====== Data provided ======

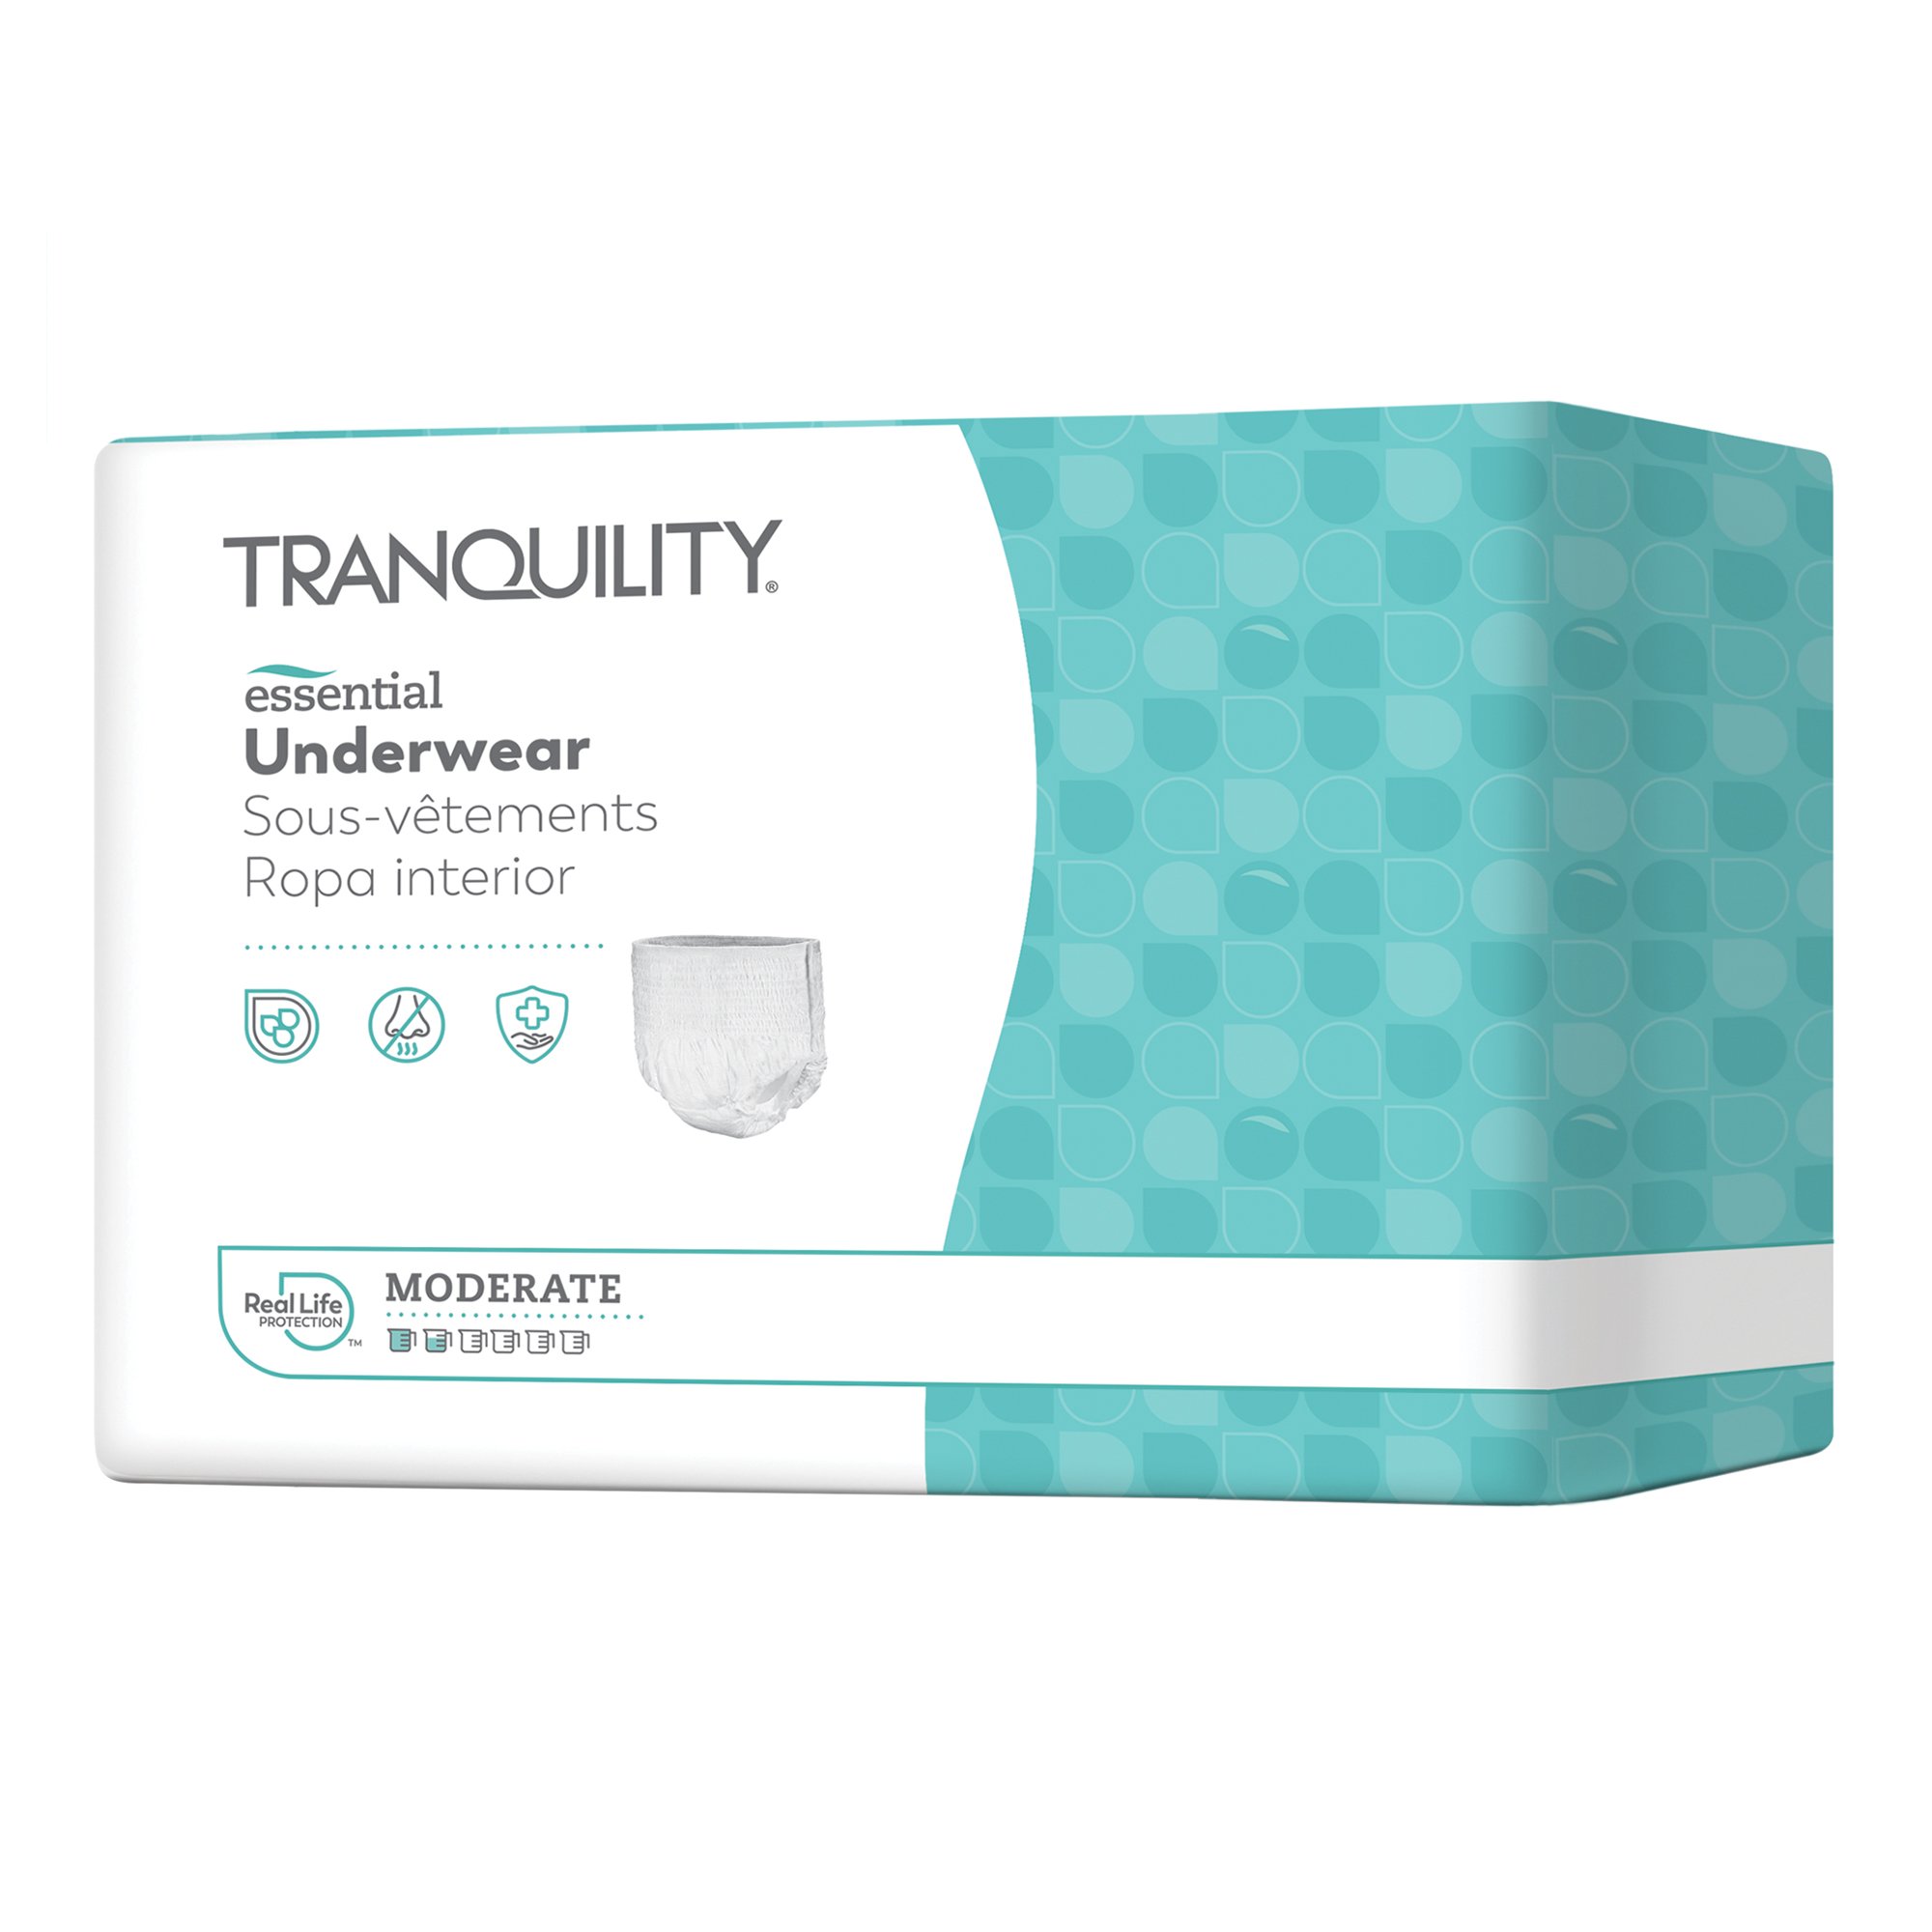 Tranquility essential Protective Underwear
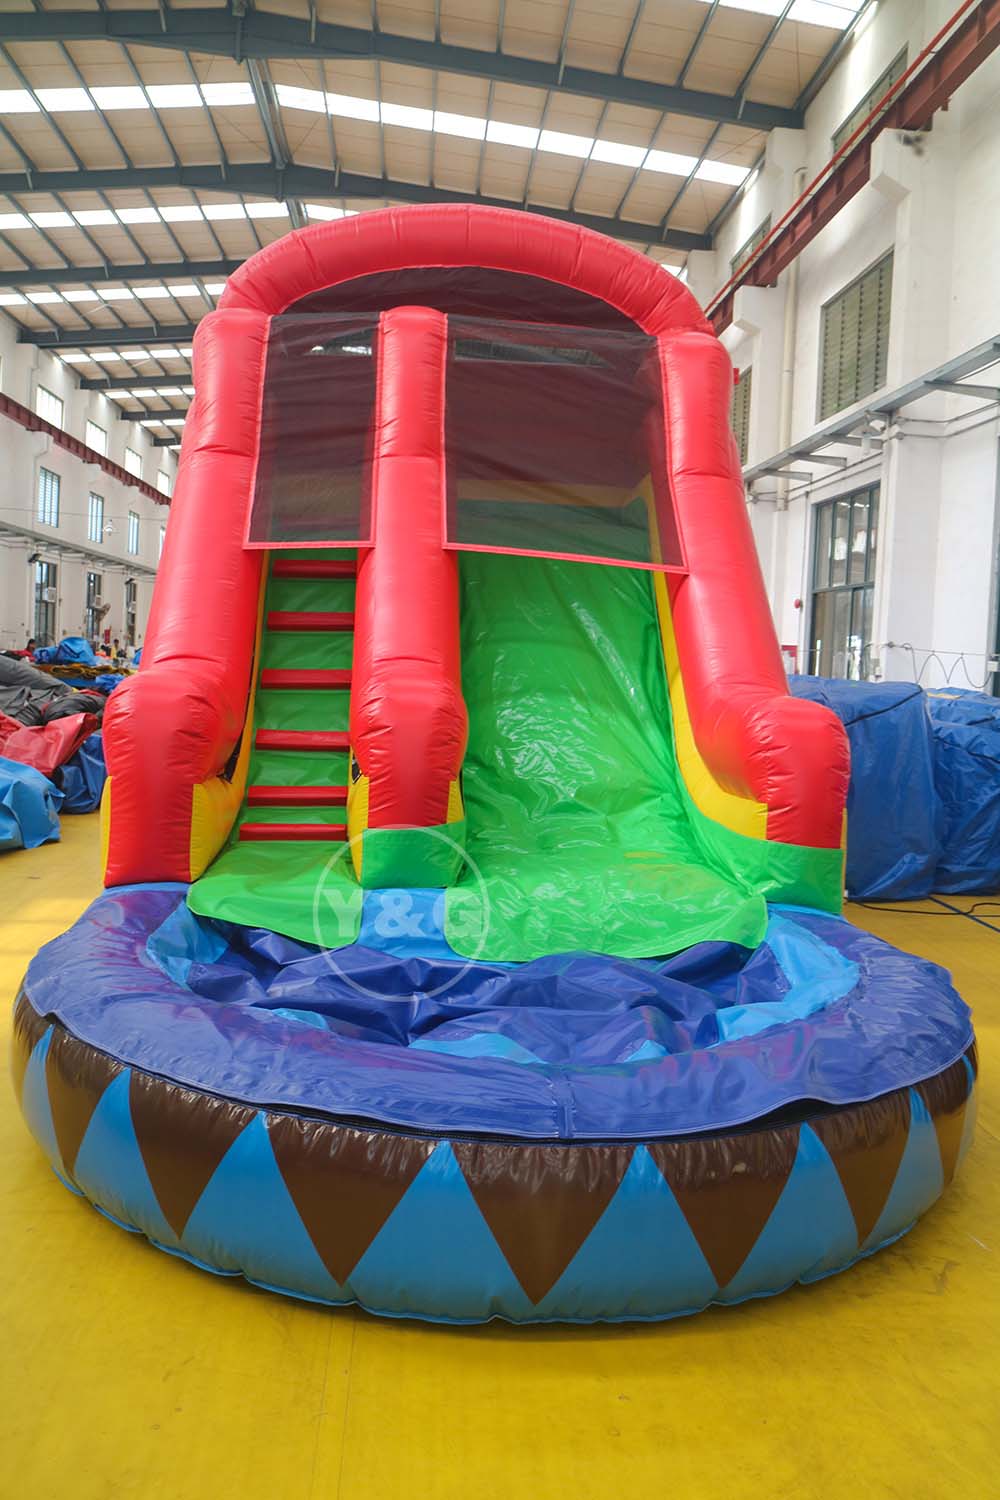 Inflatable water slide for kidsYG-101
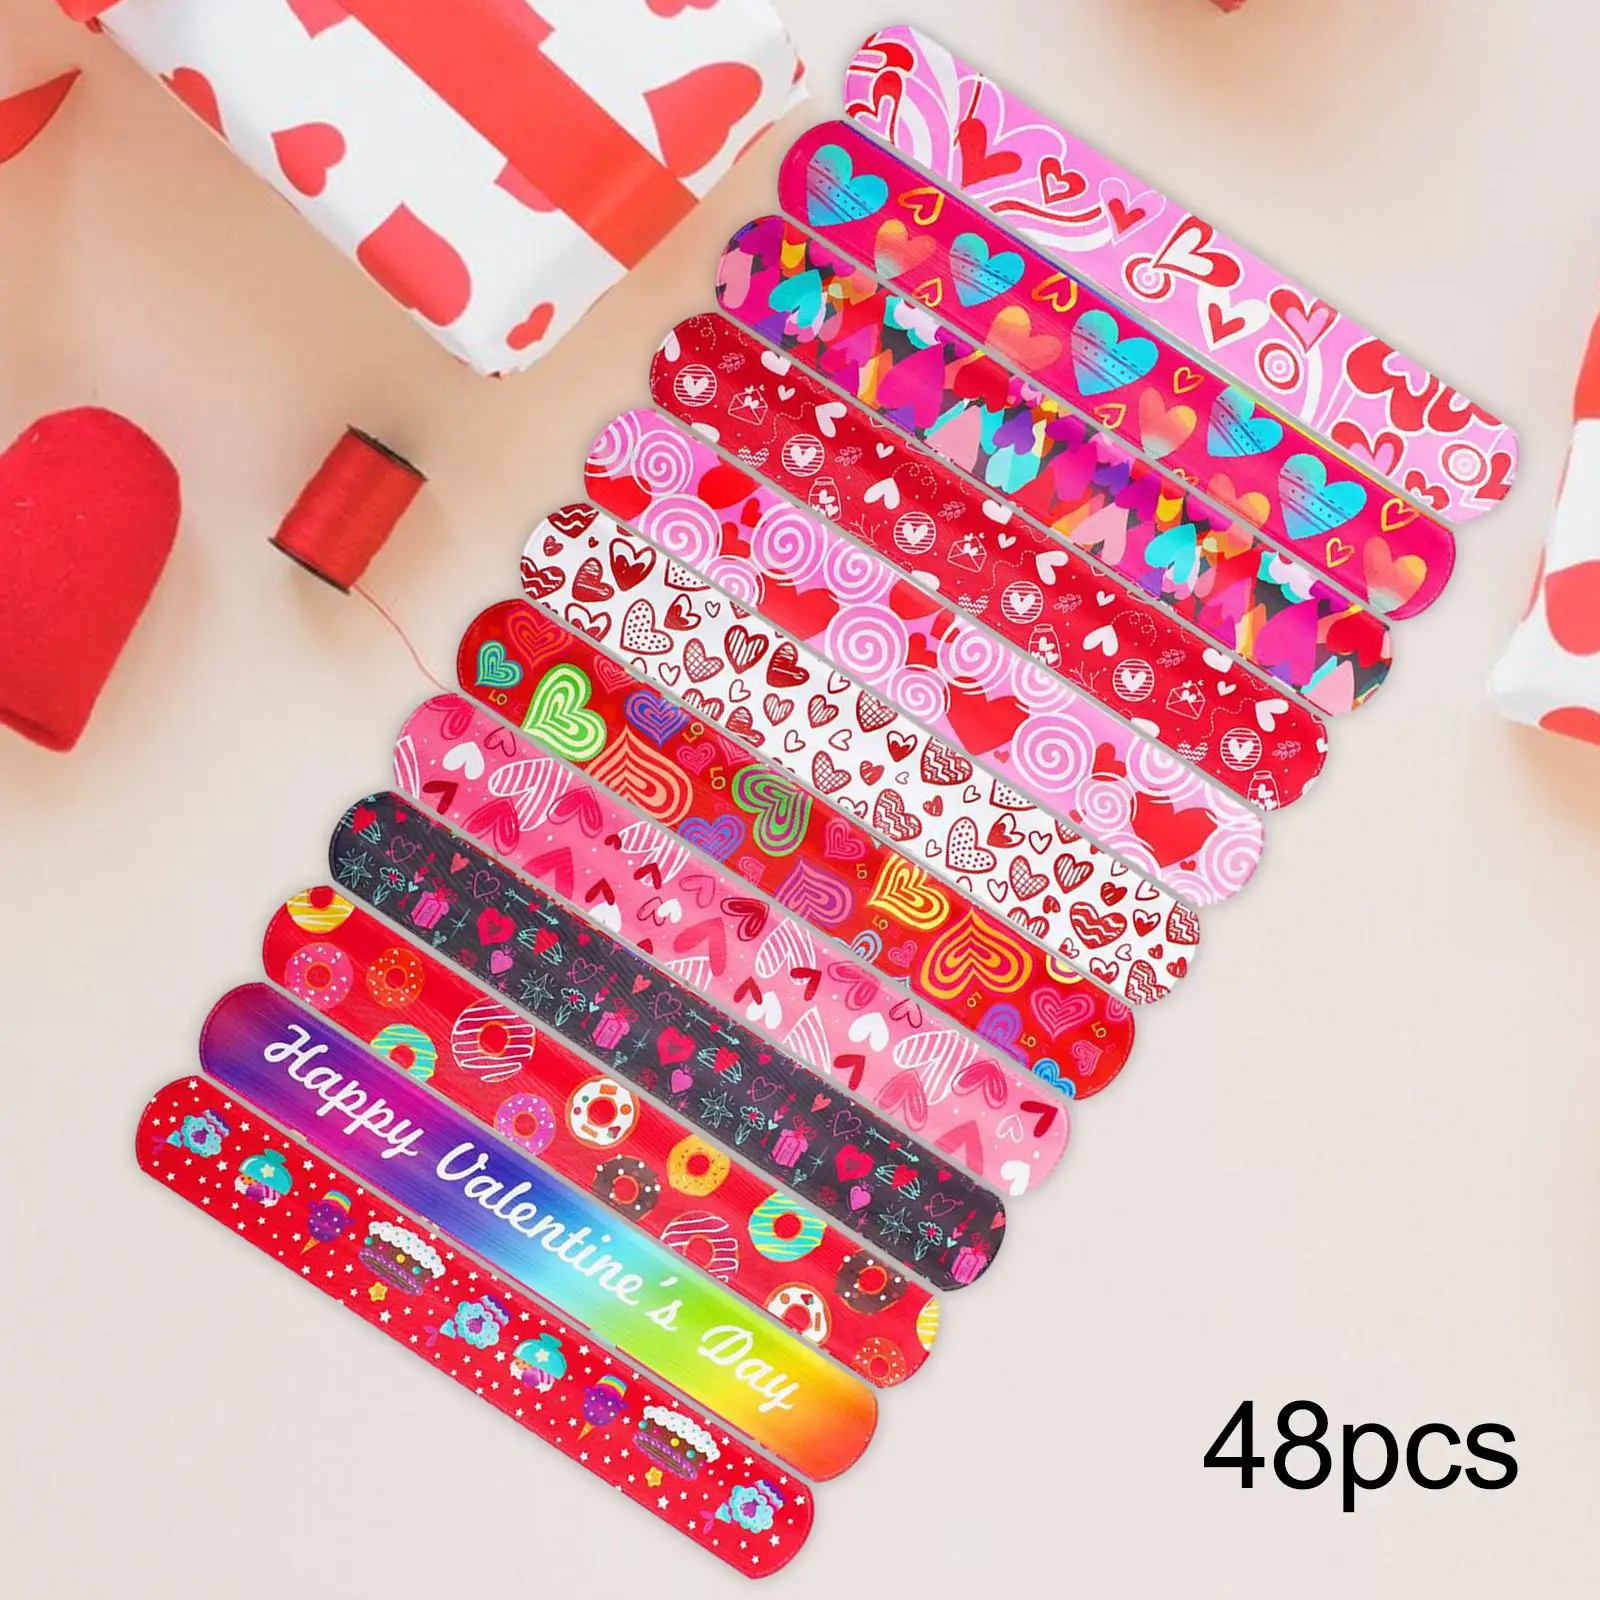 48 Pieces Valentine`s Day Slap Bracelets Colorful Heart Design Toy Blessing Kids Valentines Themed Toy Slap Band for Boys Girls
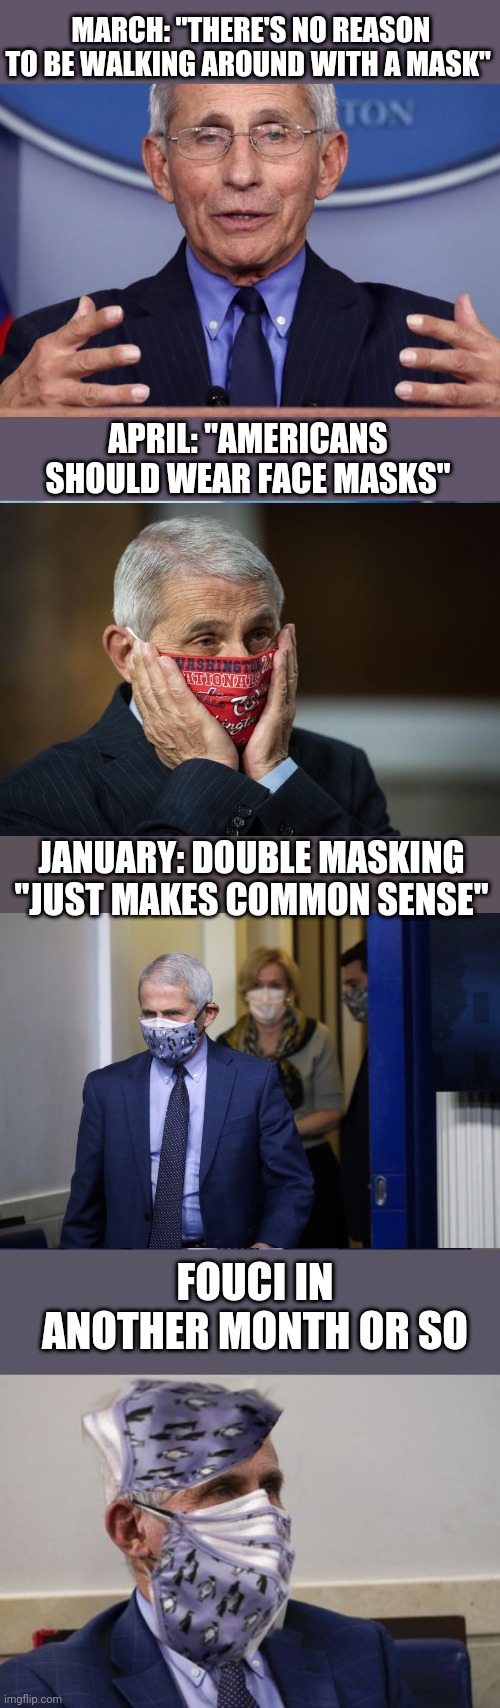 Fauci: Here's another Ouchie |  MARCH: "THERE'S NO REASON TO BE WALKING AROUND WITH A MASK"; APRIL: "AMERICANS SHOULD WEAR FACE MASKS"; JANUARY: DOUBLE MASKING "JUST MAKES COMMON SENSE"; FOUCI IN ANOTHER MONTH OR SO | image tagged in dr anthony fauci,dr fauci,masks | made w/ Imgflip meme maker

======

The problem >> The listing above must be printed again exactly, minus its pictures.

Response >>
 Tranquility essential Protective Underwear
 Inflatable water slide for kidsYG-101
 48 Pieces Valentine`s Day Slap Bracelets Colorful Heart Design Toy Blessing Kids Valentines Themed Toy Slap Band for Boys Girls
 Fauci: Here's another Ouchie |  MARCH: "THERE'S NO REASON TO BE WALKING AROUND WITH A MASK"; APRIL: "AMERICANS SHOULD WEAR FACE MASKS"; JANUARY: DOUBLE MASKING "JUST MAKES COMMON SENSE"; FOUCI IN ANOTHER MONTH OR SO | image tagged in dr anthony fauci,dr fauci,masks | made w/ Imgflip meme maker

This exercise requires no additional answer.